FAO in Jamaica, Bahamas and Belize

Cassava bread gets thumbs up: stakeholders in Jamaica hopeful about commercial potential


Under FAO’s sub-regional project for Processing and Market Development of Cassava in select Caribbean Community Countries, a baking demonstration and sampling exercise were the latest steps in promoting cassava as a viable commercial product for Jamaica and other countries in the Caribbean.

On July 13, 2016, 10 local bakers attended and participated in the baking demonstration exercise organized by FAO in collaboration with the Ministry of Industry, Commerce, Agriculture and Fisheries and the Caribbean Agri-Business Association (CABA).

The baking demonstration and sampling session hosted at the University of Technology’s (UTECH) School of Hospitality and Tourism Management had the objective to provide knowledge and training for at least 8 bakeries in Jamaica, which would build their capacity to make bread, replacing regular flour with either 30% cassava flour or 40% grated cassava in commercial bread making.

According to the project’s regional coordinator, Vermaran Extavour, the project has the wider aim of assisting the selected countries to increase utilization and marketing of cassava through exposure to new value added options and improved processing technologies to meet food and industrial uses.

Given the high food import bill of the Caribbean region, cassava is also being promoted as one of the mechanisms to assist countries within the region to reduce their food import bill. Following the cassava bread baking demonstration, over 20 stakeholders were then invited to sample the different formulations, first on its own, then with assorted traditional toppings such as butter, jam and cheese.

Largely, the stakeholders agreed that the freshly baked bread was desirable as it had a lighter texture than the traditional hard dough bread, a lovely aroma and, with further development, the slight difference in taste would make it appealing to some segments of the local market.

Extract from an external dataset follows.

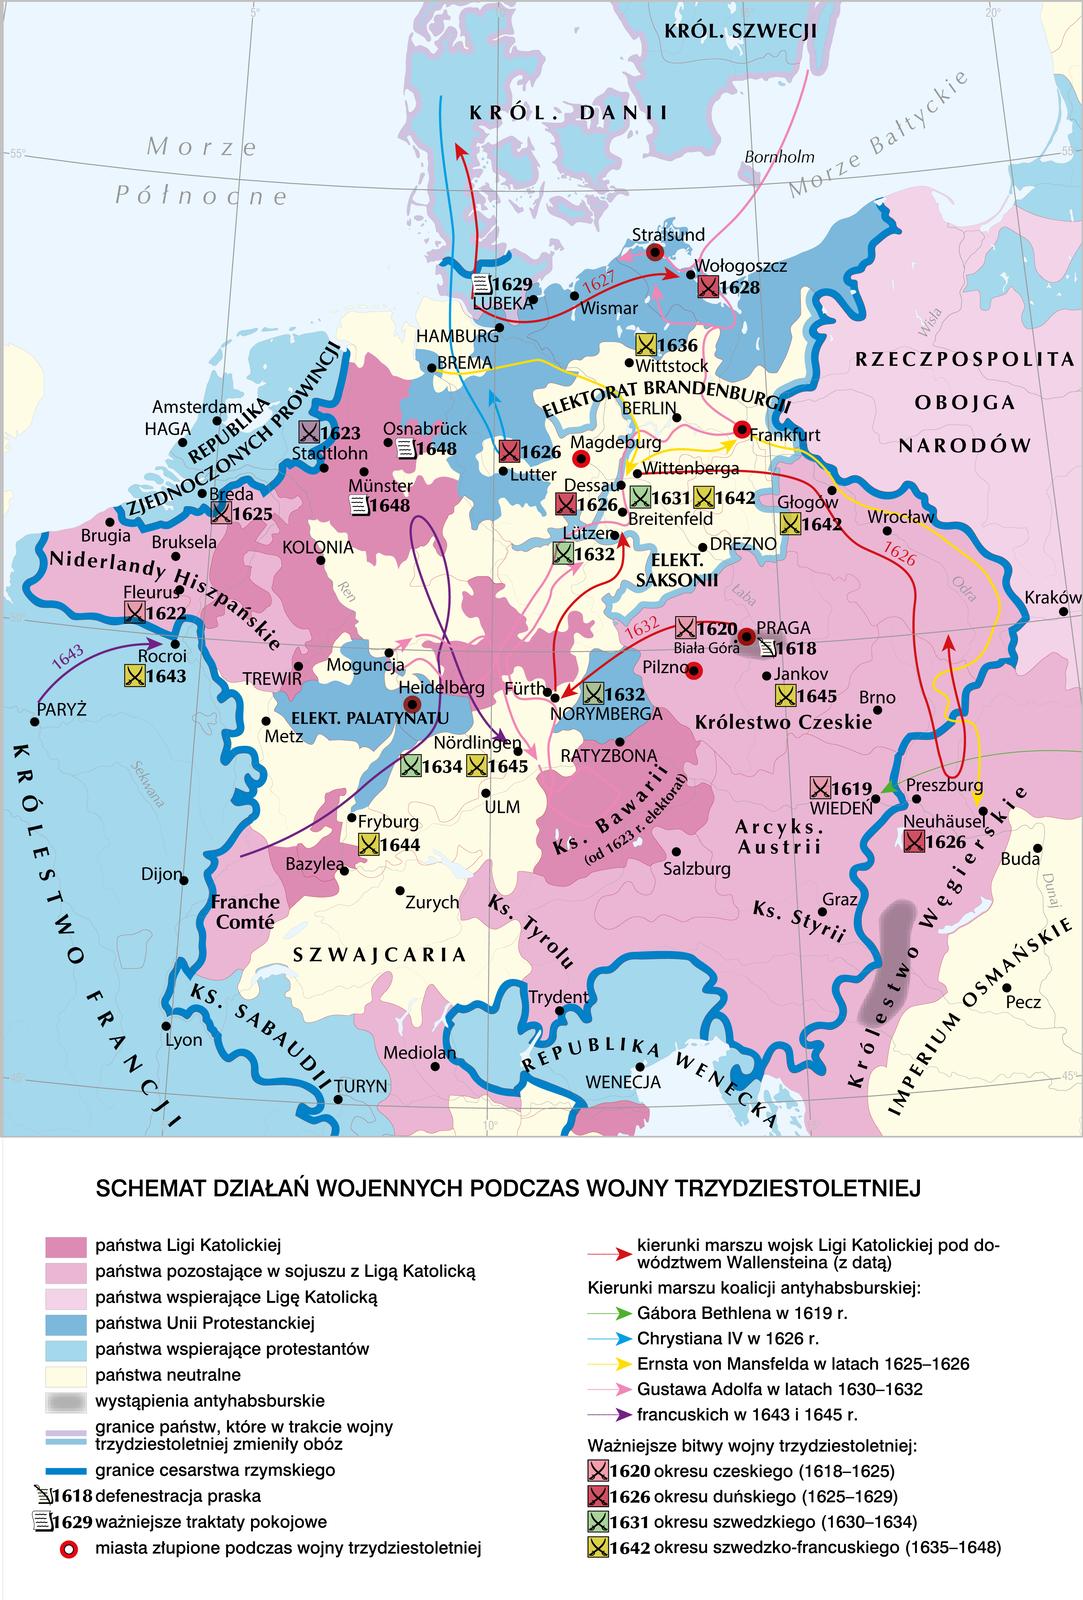 Schemat działań wojennych podczas wojny trzydziestoletniej Schemat działań wojennych podczas wojny trzydziestoletniej Źródło: Contentplus.pl sp. zo.o., licencja: CC BY 4.0.

The bakers also shared feedback based on the baking demonstrations and noted that the formulation and methodology was detailed and easy to follow and they believed their respective organizations would be open to utilizing cassava in commercial bread production once they had properly trained staff to oversee the process.

Post sampling meetings were also held with key stakeholders to discuss the status of the industry and possible opportunities and challenges linked to the cassava development initiative.

Jamaica’s baking demonstration and sampling exercise follows the successful launch of cassava bread in neighbouring Barbados where the product is now available in several commercial outlets island-wide.

At the larger level, the FAO’s project for Processing and Market Development of Cassava in select CARICOM countries also hopes to use cassava to replace a portion of wheat flour, which is a top 10 imported crop. Cassava is also recognized for its climate change resilience.